#440 closed defect (fixed)
[patch] maxlength incorrectly checked for international characters in utf-8
Reported by: | Owned by: | Adrian Holovaty | |
---|---|---|---|
Component: | contrib.admin | Version: | |
Severity: | normal | Keywords: | |
Cc: | Triage Stage: | Unreviewed | |
Has patch: | yes | Needs documentation: | no |
Needs tests: | no | Patch needs improvement: | no |
Easy pickings: | no | UI/UX: | no |
Description
In django.core.formfields TextField.isValidLength checks length very naively:
if data and self.maxlength and len(data) > self.maxlength:
Since sane applications tend to use utf-8 for web output 'data' passed to this method is also in utf-8. This means that len(data) actually gives more bytes than characters for any non-ascii input.
Attachments (3)
Change History (14)
comment:1 by , 19 years ago
comment:2 by , 19 years ago
Hm... any pointer where to get the charset for output?
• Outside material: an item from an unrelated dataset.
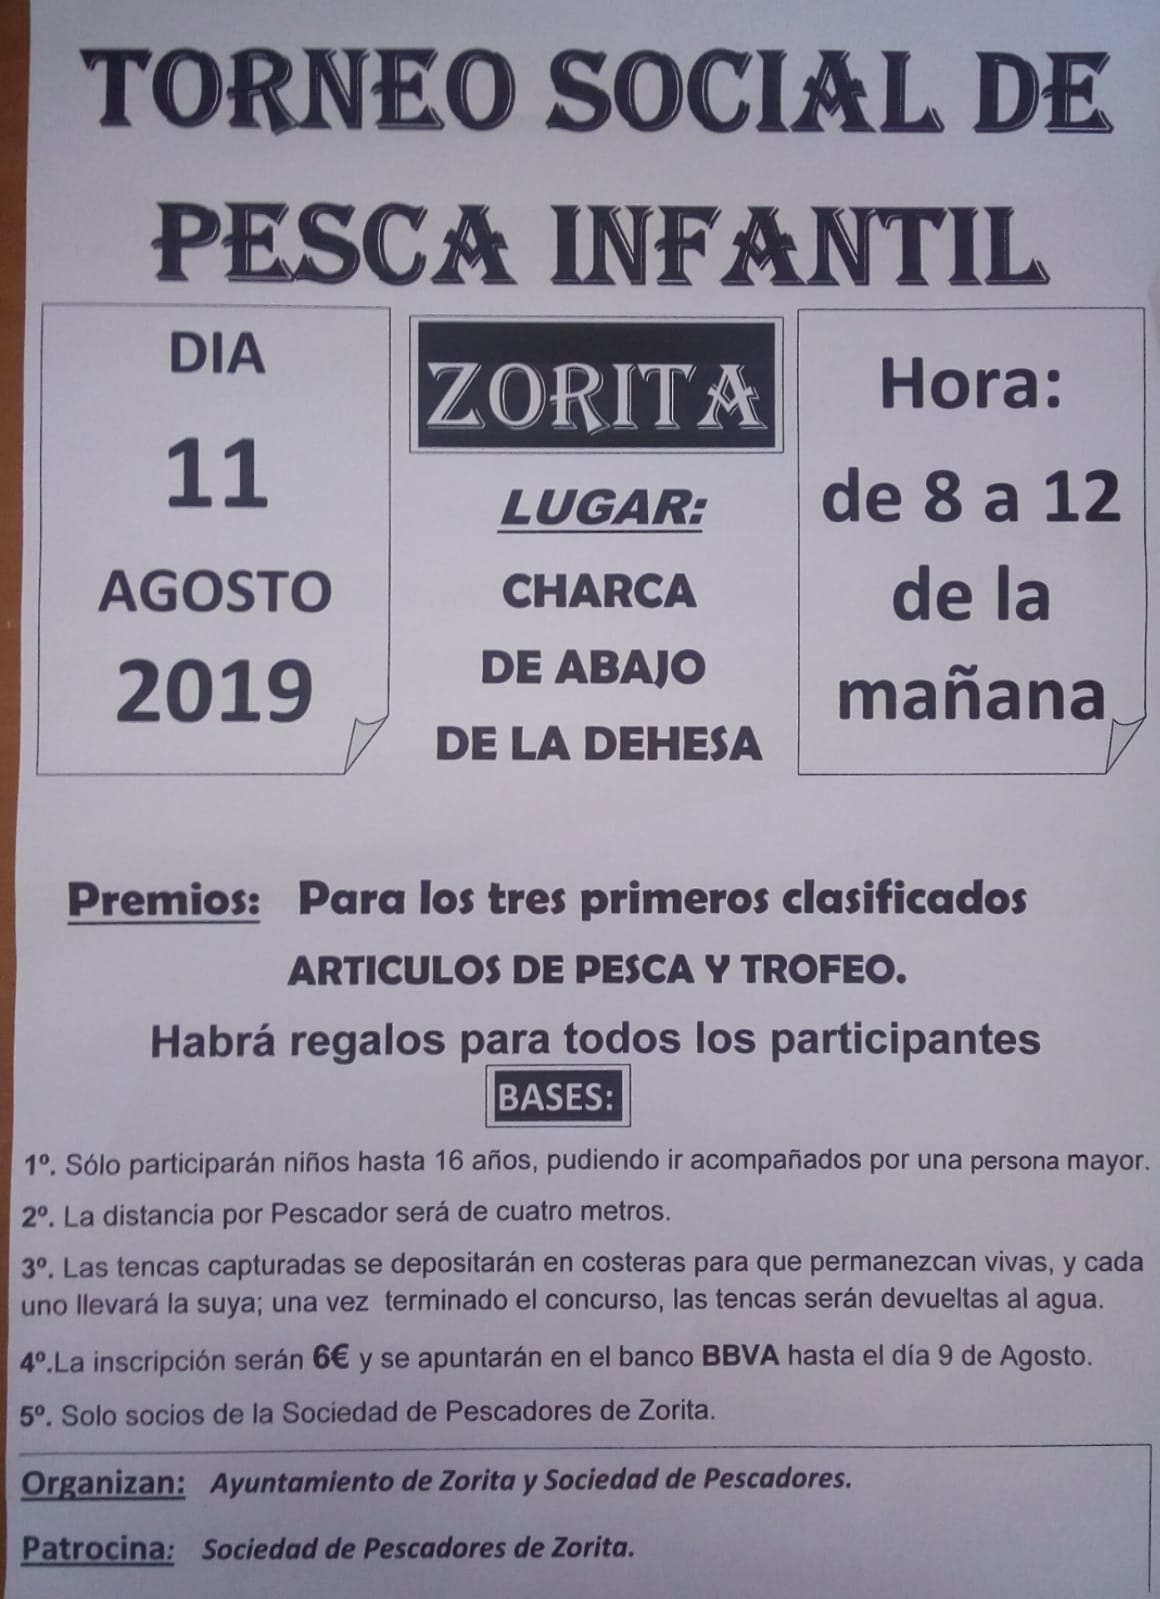 Torneo social de pesca infantil agosto 2019 - Zorita (Cáceres)

Or Django is always in utf-8?
Also, I'm not (yet :-) ) familiar with the code so I don't know where else similar things can bite... I'd rather just unicode() any string data from web before processing but I have no idea if it would be feasible.
comment:3 by , 19 years ago
I think a len(data.decode('utf-8')) should give the correct string length of the input - django should allways use utf-8 coded output and so receive utf-8 coded input.
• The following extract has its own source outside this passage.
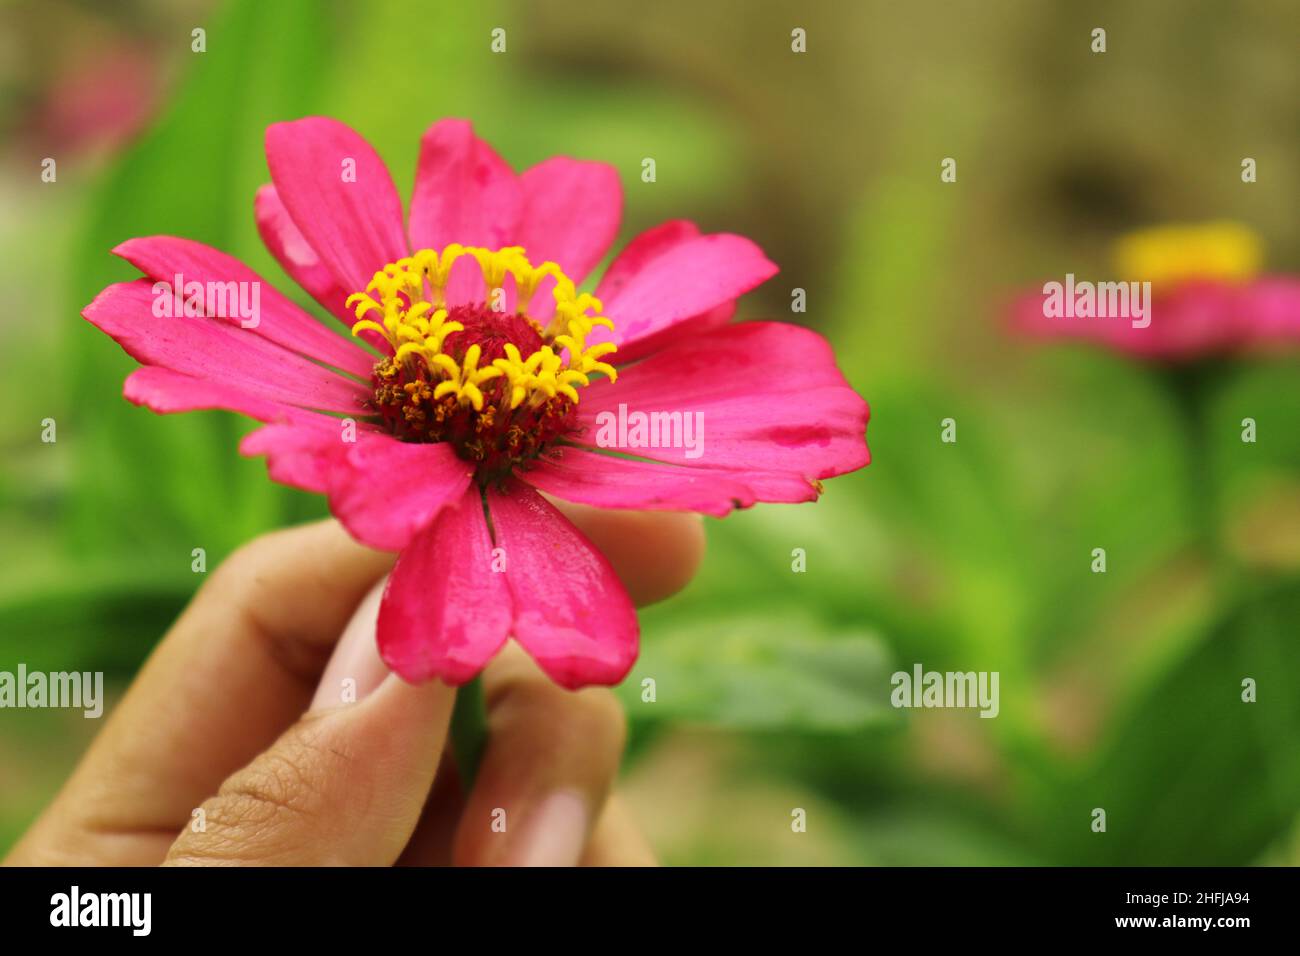 Rosa Zinnia fiore fiorisce splendidamente Foto Stock

if data and self.maxlength and len(data.decode('utf-8')) > self.maxlength:
comment:4 by , 19 years ago
Yeah, I searched the code and it seems that 'utf-8' is hardcoded everwhere. Hence the patch as Hugo suggested.
comment:5 by , 19 years ago
Summary: | maxlength incorrectly checked for international characters in utf-8 → [patch] maxlength incorrectly checked for international characters in utf-8 |
---|
comment:6 by , 19 years ago
This hardcoded 'utf-8' still bugs me. Though I understand that it's the best practice but the user may have legitimate reasons to throw output in some other encoding. I think it would be nice to have an option somewhere in project settings for default project encoding and use it for output and input.
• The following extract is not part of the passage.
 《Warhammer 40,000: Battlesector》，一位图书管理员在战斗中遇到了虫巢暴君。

comment:7 by , 19 years ago
Here's the better one (440.2.patch):
- adds DEFAULT_CHARSET to project settings template
- for compatibility with current projects if the parameter is not set fills it with 'utf-8'
- uses this setting in text fields decoding
- uses this setting in httpwrappers.HttpResponse
The last point means that this patch also fixes task 333.
comment:8 by , 19 years ago
I made a mistake in a 440.2.patch with always appending charset to the mimetype. This will break if the user supplies its own mimetype. Hence the correction in 440.3.patch: append charset only to default mimetype.
P.S. How do you mark patches obsolete in 'Trac'? Can anyone mark 440.2.patch as such or delete it whatsoever?
comment:9 by , 19 years ago
BTW, component 'Admin interface' seems not right. It's more like 'Validators' or even 'Core' I think...
comment:10 by , 19 years ago
Resolution: | → fixed |
---|---|
Status: | new → closed |
A patch would be great!